A bar, for example, with a long history of violent crime could, in principle, be held liable if it fails to address the issue. The same goes for "problem patrons." Let's say a bar's ownership (or an individual bartender) knows that a particular individual tends to become violent when they drink. If the bar serves that person anyway, and he goes on to hurt someone else after becoming intoxicated, the establishment could be on the hook for financial damages.

Failures To Protect

It's not enough, however, to show that the assault was reasonably foreseeable. You'll also have to prove that the establishment failed to take reasonable steps to prevent patron injuries. Maybe, given the high-crime area in which the bar is located, a reasonable owner would have employed security guards to calm things down. Or, alternatively, a reasonable bar owner might have seen fit to install security cameras to deter potential criminal offenders.

Holding Security Companies Accountable

In some cases, you may even be able to sue a third-party security company hired by the bar. Security guards have one job, and one job alone: protect people and personal property. So a security company that fails to do so may be liable for the injuries sustained by victims.

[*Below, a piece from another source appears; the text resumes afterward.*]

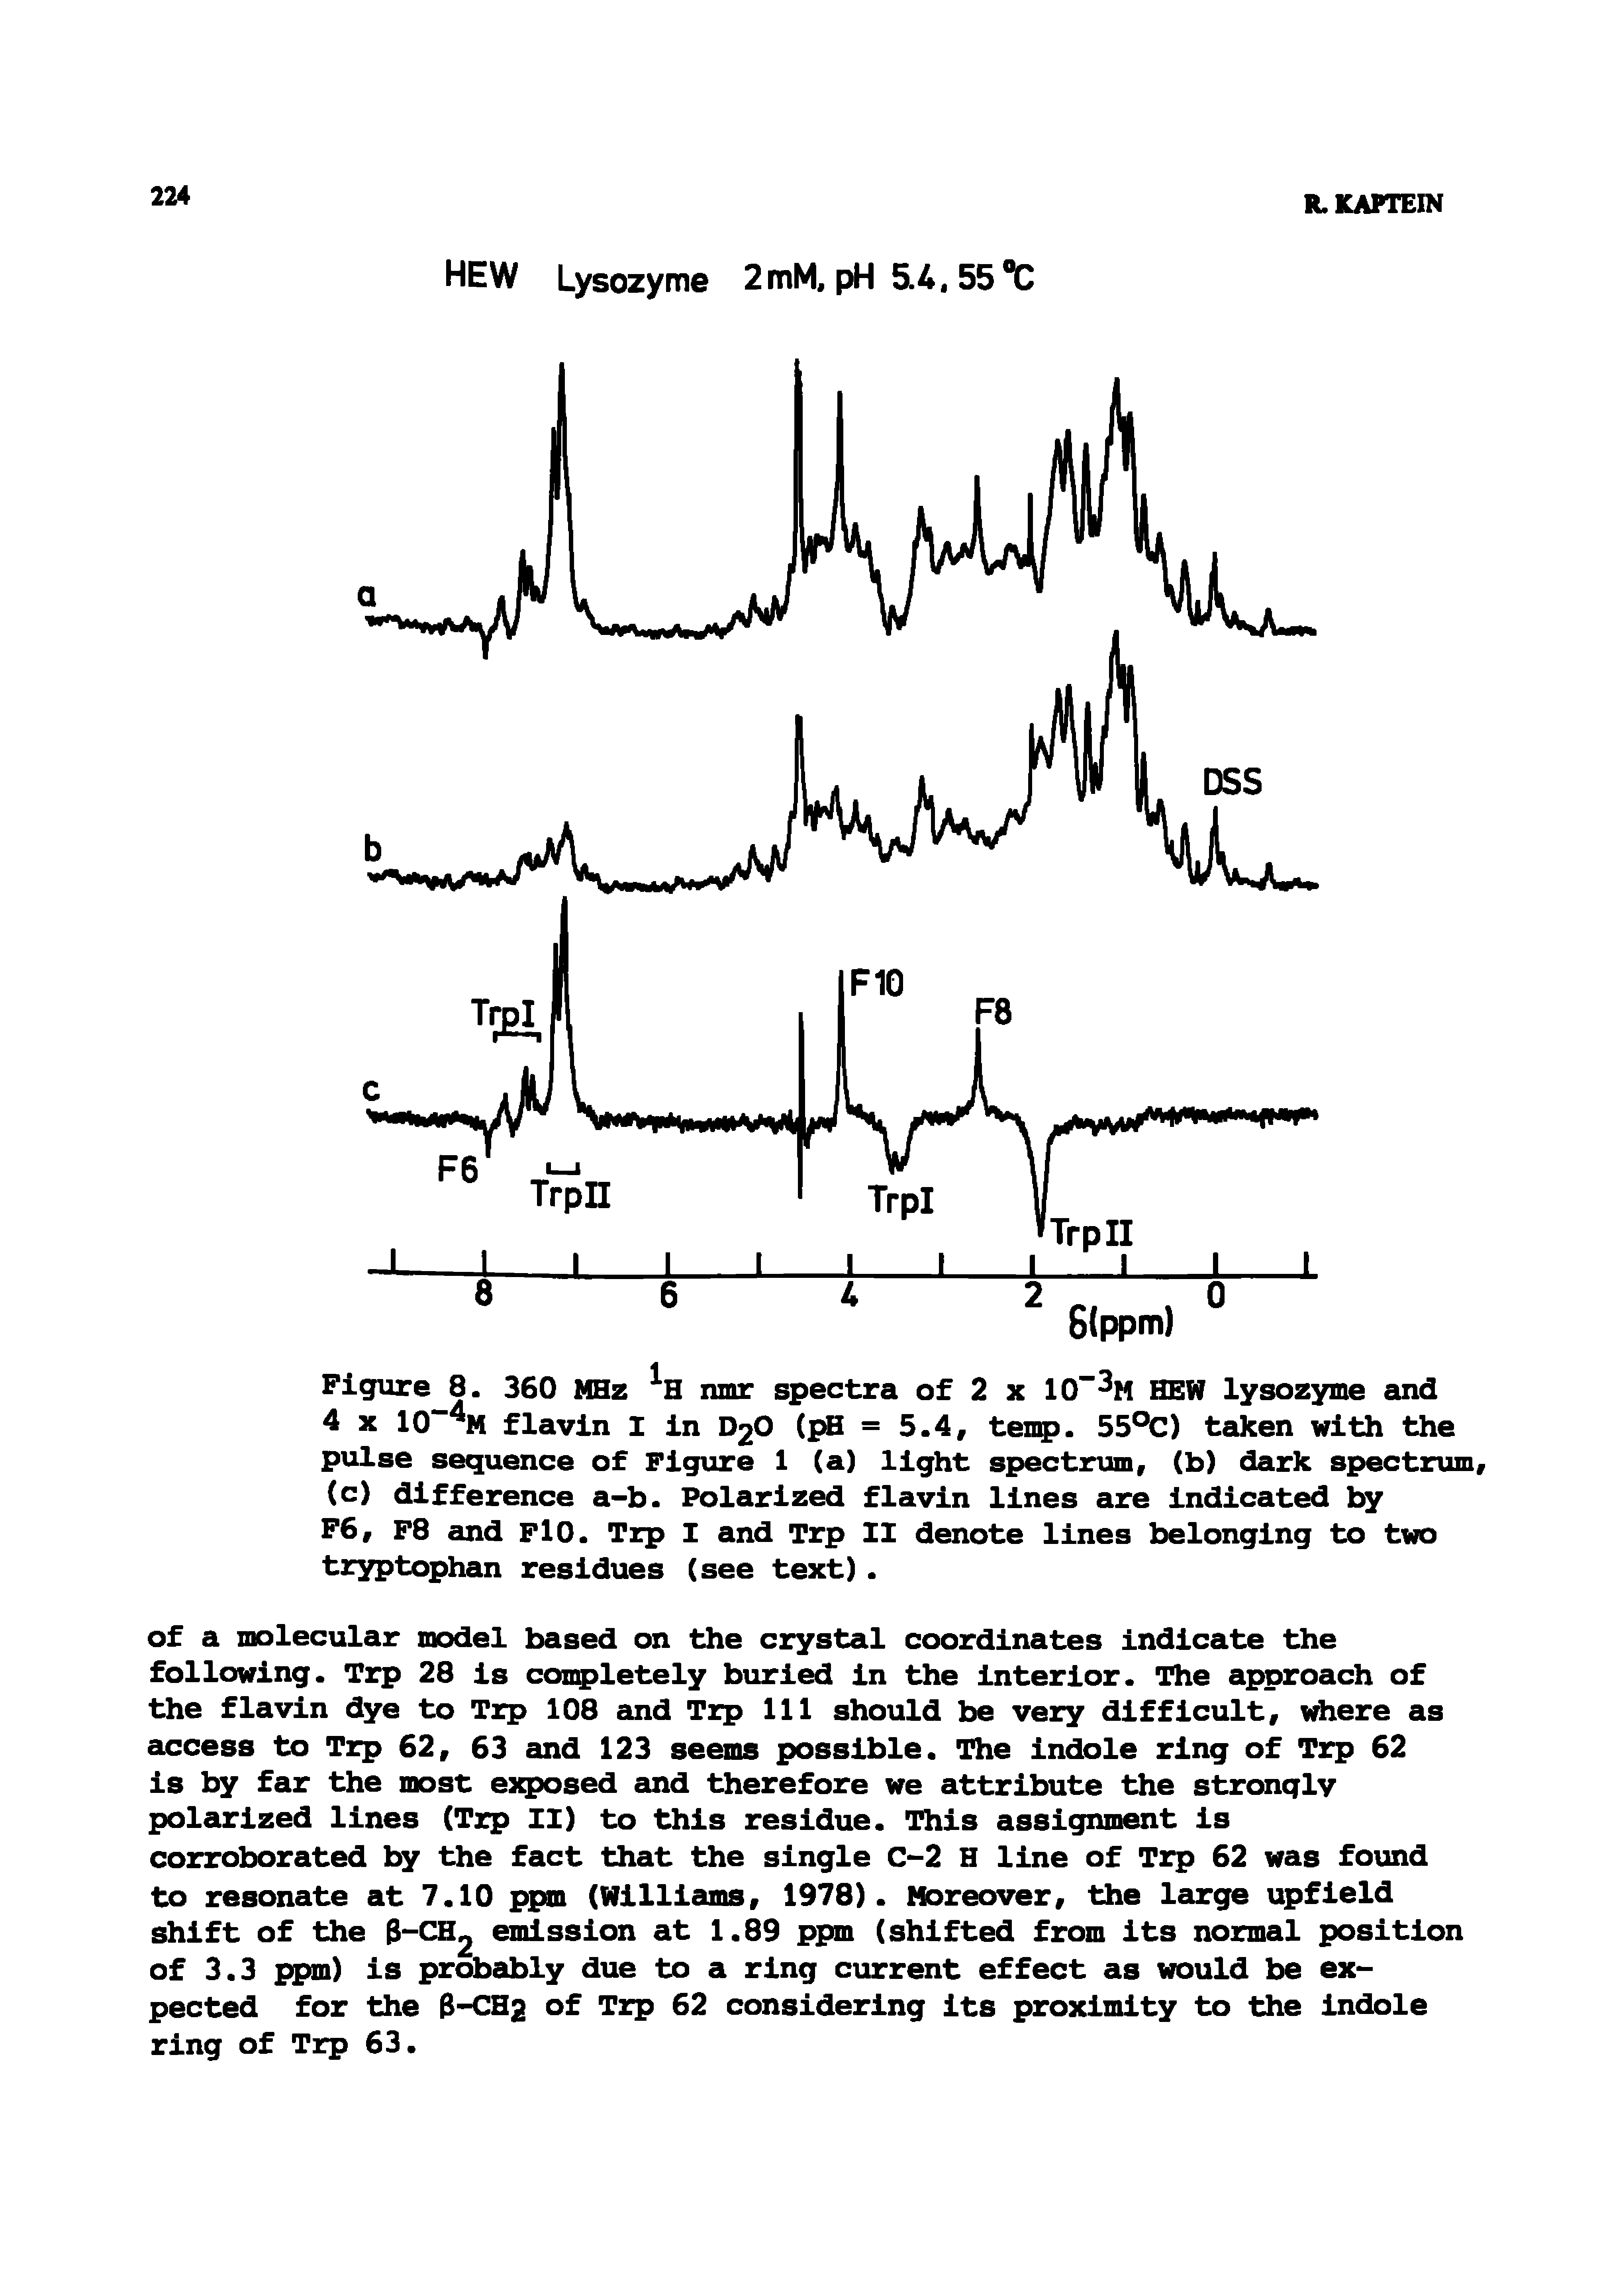 Figure 8. 360 MHz nmr spectra of 2 x 10 M HEW lysozyme and 4 X 10 M flavin I in D2O (pH = 5.4, temp. 55°C) taken with the pulse sequence of Figure 1 (a) light spectrum, (b) dark spectrum, (c) difference a-b. Polarized flavin lines are indicated by F6, F8 and FlO. Trp I and Trp II denote lines belonging to two tsryptophan residues (see text) ...

As just one example, let's say a security company working at a nightclub with a history of violent activity fails to pat down all of the patrons who enter. If one of those patrons has a gun, and goes on to shoot someone else, the security company, along with the nightclub, might be liable for the victim's injuries.

Assault & Battery: Defining Intentional Torts

When someone punches you in the face, they've committed a crime (unless they were defending themselves). But they've also committed a civil "tort." Torts are wrongful acts that infringe on someone else's rights and create the basis for civil liability.

And, while most civil lawsuits are filed in relation to torts of negligence, which derive from a careless disregard for someone else's safety, assault and battery are considered intentional torts.

What Is Assault?

Just threatening to harm someone can be a tort. In fact, the term "assault," when it's not attached in the same breath to "battery," refers exclusively to the act of issuing a credible threat of bodily harm. That's true both in criminal and in civil law.

Assault can take the form of a verbal threat, or raising a hand to someone else. Physical injuries aren't necessary for a crime (or tort) to have been committed. Making someone else reasonably fear the possibility of imminent physical harm is enough. And we give this offense the name "assault."

Battery: Intentional Non-Consensual Contact

Even so, most violations of this nature will fall under the dual definition of assault and battery. Battery is simple to define, but it's probably broader than you think.

In American civil law, battery refers to any intentional touch without permission (consent) of a harmful or offensive nature. A punch in the face fits the bill, but so do most crimes of a sexual nature, which often involve some level of non-consensual physical contact.

The definition of battery also encompasses contact effected through a projectile. Throwing something at someone else counts as battery, as does shooting someone with a gun.